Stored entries

* * * * * * * * *

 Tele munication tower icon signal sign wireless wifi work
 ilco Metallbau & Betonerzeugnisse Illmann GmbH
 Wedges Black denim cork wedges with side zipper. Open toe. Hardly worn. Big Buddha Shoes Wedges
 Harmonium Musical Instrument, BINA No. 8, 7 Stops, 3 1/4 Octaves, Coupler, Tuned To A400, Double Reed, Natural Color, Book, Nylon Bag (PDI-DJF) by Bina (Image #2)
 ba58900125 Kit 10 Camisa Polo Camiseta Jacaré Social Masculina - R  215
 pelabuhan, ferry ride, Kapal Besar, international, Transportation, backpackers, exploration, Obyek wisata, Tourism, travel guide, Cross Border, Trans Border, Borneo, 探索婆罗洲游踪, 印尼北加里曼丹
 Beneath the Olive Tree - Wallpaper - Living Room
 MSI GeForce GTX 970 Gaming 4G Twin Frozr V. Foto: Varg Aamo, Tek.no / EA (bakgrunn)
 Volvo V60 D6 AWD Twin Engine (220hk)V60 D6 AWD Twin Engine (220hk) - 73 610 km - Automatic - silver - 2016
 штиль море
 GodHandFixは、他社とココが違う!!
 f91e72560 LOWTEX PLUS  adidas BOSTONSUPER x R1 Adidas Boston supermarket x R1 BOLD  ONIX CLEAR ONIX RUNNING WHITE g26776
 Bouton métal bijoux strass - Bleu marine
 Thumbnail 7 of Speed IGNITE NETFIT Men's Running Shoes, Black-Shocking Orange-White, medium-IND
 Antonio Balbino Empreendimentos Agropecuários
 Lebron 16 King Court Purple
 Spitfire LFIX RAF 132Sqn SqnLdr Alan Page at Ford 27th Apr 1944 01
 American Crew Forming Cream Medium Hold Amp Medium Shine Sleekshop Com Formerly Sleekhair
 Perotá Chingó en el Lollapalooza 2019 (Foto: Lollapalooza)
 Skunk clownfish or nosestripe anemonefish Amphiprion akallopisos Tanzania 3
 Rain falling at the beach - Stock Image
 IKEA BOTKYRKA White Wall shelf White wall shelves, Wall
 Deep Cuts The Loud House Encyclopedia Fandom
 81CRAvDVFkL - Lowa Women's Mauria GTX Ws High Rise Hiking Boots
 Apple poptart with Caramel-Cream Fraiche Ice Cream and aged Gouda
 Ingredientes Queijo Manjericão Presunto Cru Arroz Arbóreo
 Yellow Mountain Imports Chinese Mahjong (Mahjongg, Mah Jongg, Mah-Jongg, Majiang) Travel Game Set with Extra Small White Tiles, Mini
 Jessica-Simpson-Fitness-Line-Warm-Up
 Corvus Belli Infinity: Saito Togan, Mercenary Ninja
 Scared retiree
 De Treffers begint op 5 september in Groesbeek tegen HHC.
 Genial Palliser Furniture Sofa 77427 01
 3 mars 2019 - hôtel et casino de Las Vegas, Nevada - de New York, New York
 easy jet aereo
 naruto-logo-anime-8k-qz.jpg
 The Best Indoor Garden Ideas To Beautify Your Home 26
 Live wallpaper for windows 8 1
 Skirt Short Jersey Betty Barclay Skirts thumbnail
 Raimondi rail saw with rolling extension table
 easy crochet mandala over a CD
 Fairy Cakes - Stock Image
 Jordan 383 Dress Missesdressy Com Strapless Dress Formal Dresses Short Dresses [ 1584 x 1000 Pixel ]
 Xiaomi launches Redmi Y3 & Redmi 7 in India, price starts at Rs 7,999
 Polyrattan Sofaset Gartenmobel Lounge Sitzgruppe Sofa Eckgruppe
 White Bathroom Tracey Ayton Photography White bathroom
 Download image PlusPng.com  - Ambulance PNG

* * * * * * * * *

**The problem:** The answer should be the exact lines running from the line containing "Jessica-Simpson-Fitness-Line-Warm-Up" to the last line of the entries, with nothing else.

**Reply to the task:**
 Jessica-Simpson-Fitness-Line-Warm-Up
 Corvus Belli Infinity: Saito Togan, Mercenary Ninja
 Scared retiree
 De Treffers begint op 5 september in Groesbeek tegen HHC.
 Genial Palliser Furniture Sofa 77427 01
 3 mars 2019 - hôtel et casino de Las Vegas, Nevada - de New York, New York
 easy jet aereo
 naruto-logo-anime-8k-qz.jpg
 The Best Indoor Garden Ideas To Beautify Your Home 26
 Live wallpaper for windows 8 1
 Skirt Short Jersey Betty Barclay Skirts thumbnail
 Raimondi rail saw with rolling extension table
 easy crochet mandala over a CD
 Fairy Cakes - Stock Image
 Jordan 383 Dress Missesdressy Com Strapless Dress Formal Dresses Short Dresses [ 1584 x 1000 Pixel ]
 Xiaomi launches Redmi Y3 & Redmi 7 in India, price starts at Rs 7,999
 Polyrattan Sofaset Gartenmobel Lounge Sitzgruppe Sofa Eckgruppe
 White Bathroom Tracey Ayton Photography White bathroom
 Download image PlusPng.com  - Ambulance PNG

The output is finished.